What therapy??

Discussion in 'General Parenting' started by forkeeps251, Feb 27, 2012.

  1. forkeeps251

    forkeeps251 Member

    As I posed before, difficult child's test results have come back, and today I was looking more closely at the recommended therapy for him.
    Problem is, both myself and my husband work full time. My mom is able to help a little, but she is getting older (and recovering from a broken back), so I'm not sure we can really do ALL the recommended therapy. Not to mention the cost of it :-(.

    From what I've read there were four recommended things:
    1) Occupational therapy - to improve his sensory sensitivity and improve his school behavior
    2) Speech therapy - to fill in gaps that the speech therapy through school is not covering (which he goes to weekly)
    3) Individual/play therapy - improve his coping skills and increase his ability to tolerate anxiety
    4) Social skils development - the recommend an "art therapy group" which teaches him how to deal with his emotions through art

    Personally, I think #4 sounds the coolest :). I would love for him to that that outlet, but obviously, I want to do what is MOST beneficial to him.

    I think most of these are weekly things, if not all of them, and like I said, we don't have the money or the time to do all of these at once.

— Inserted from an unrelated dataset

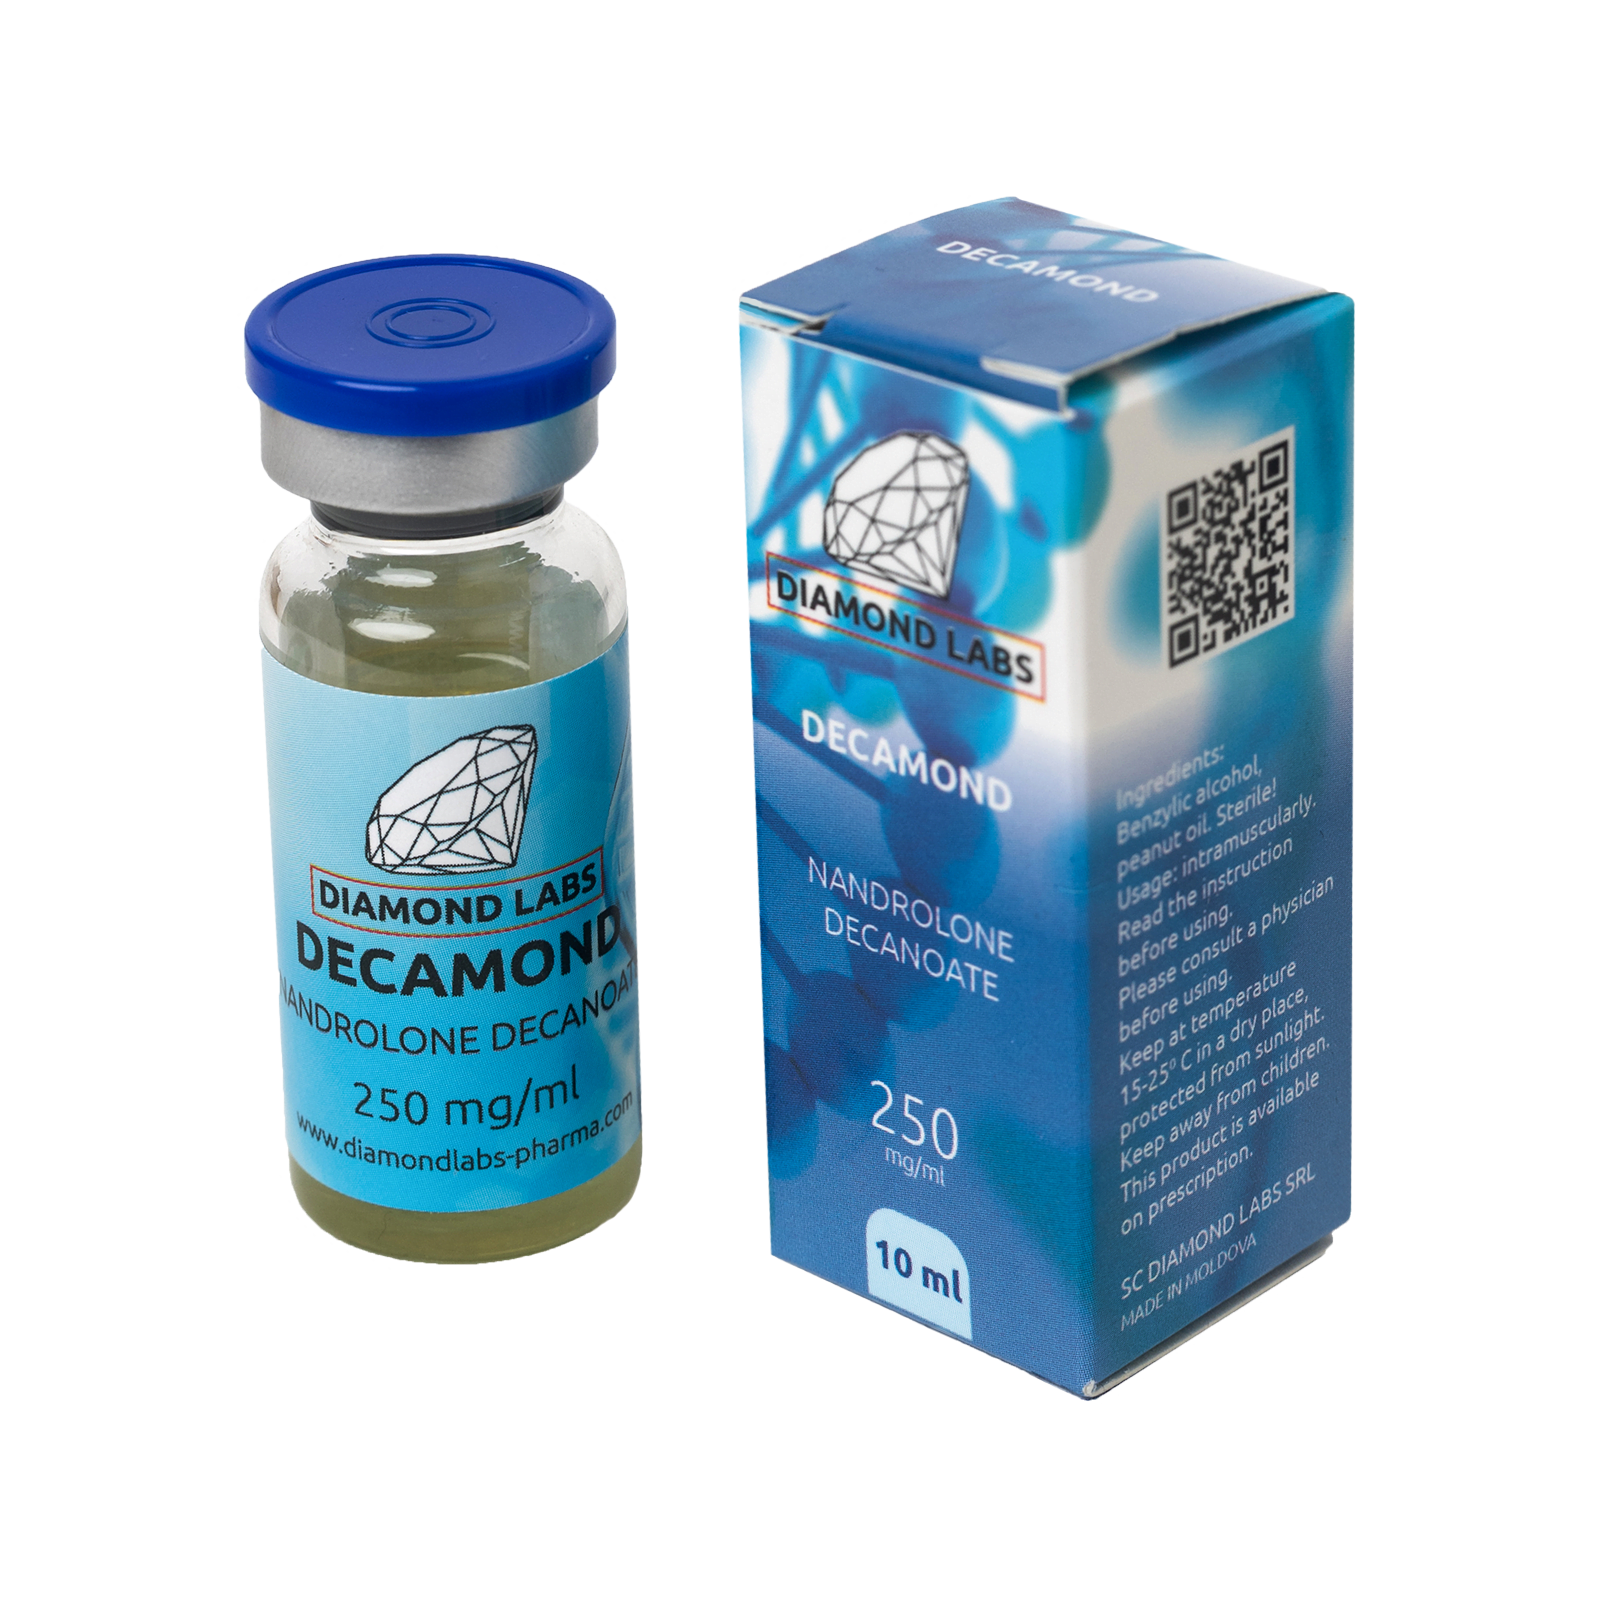 DECAMOND nandrolone decanoate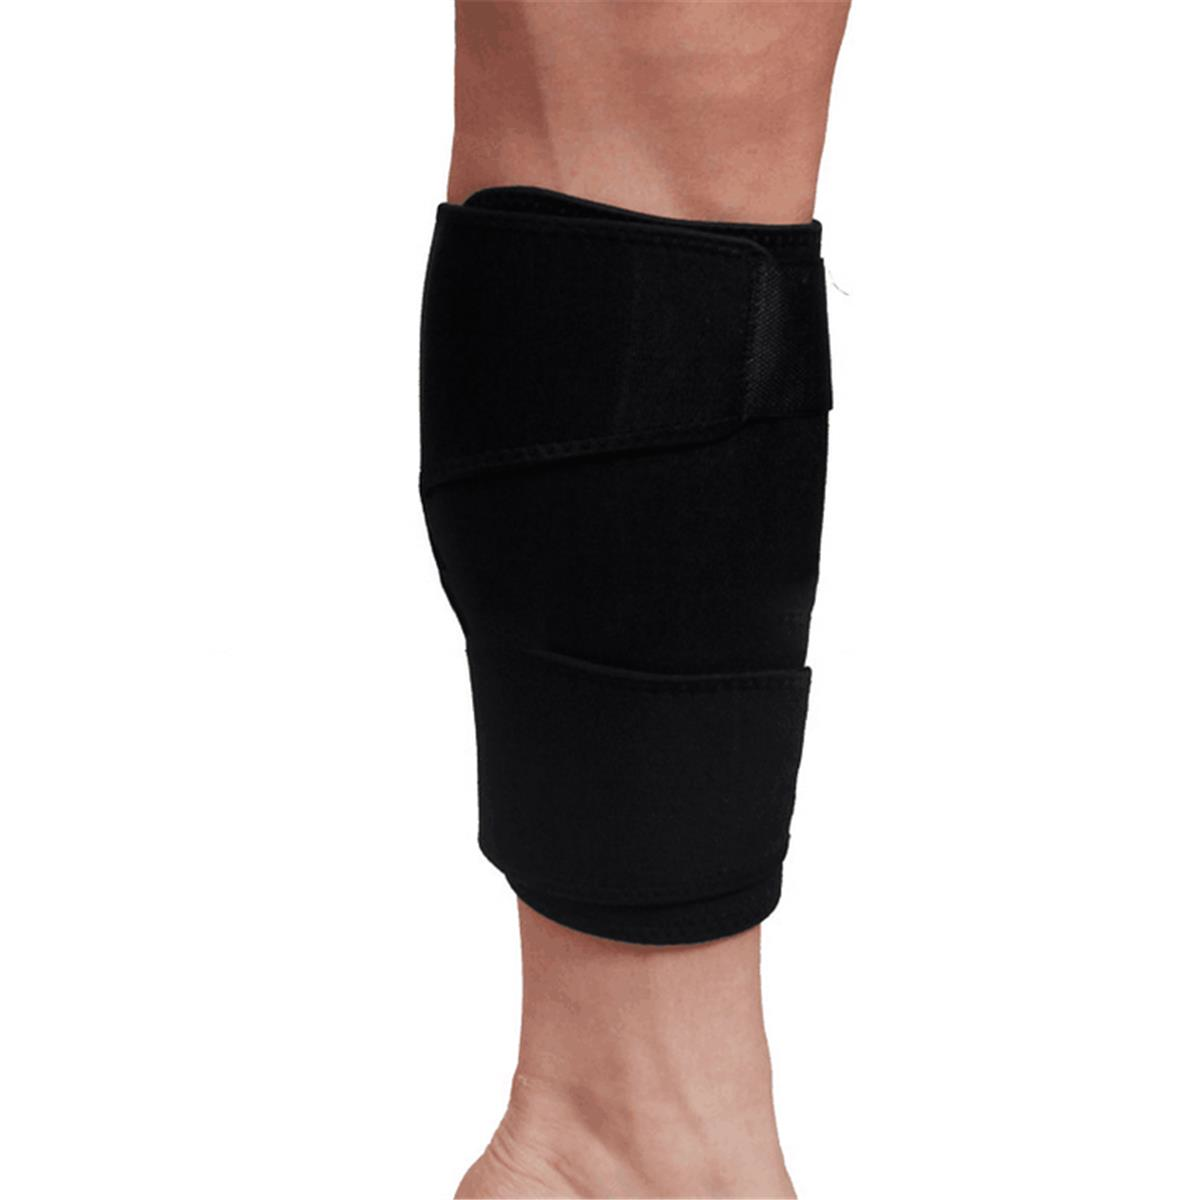 Sports Adjustable Foot Support Neoprene Calf Shin Support Wrap Brace Splint Band Sleeve Injury Guard

    My gut feeling is that the Occupational Therapist (OT) and the social skills development might be the first two we try. The Occupational Therapist (OT) because it has been heavily recommended here (thanks guys!), and the art therapy just cause I like the idea of it. Speech he is already receiving SOME through school, so it isn't at the top of the list, and then the individual/play therapy falls to the bottom because I think the combination of Occupational Therapist (OT) and the social skills therapy would probably cover most of his problems that would be addressed in idividual/play therapy.

    But I would love some feedback as to what anyone's experience has been on any of these.
  2. buddy

    buddy New Member

    Having faced the same thing....(but now it is all different so we can do all of them, sigh, at least for now with more open time) here is how I ranked it....of course this is just for us but ????

    1. Occupational Therapist (OT) stuff can over-ride so much....it can really contribute to the anxiety and a large part of what they do in that therapy ends up working/influencing work on tolerance and frustration and anxiety. Regardless of what causes it when they learn those tools it can help with the feeling of anxiety or not being able to sit still or whatever.... from any cause. So even though I am an Speech Language Pathologist (SLP), I admit for these variety kids with behaviors that show a sensory or motor involvement, I would shoot for that as much as possible, they get far less of this in schools than the Speech Language Pathologist (SLP) help.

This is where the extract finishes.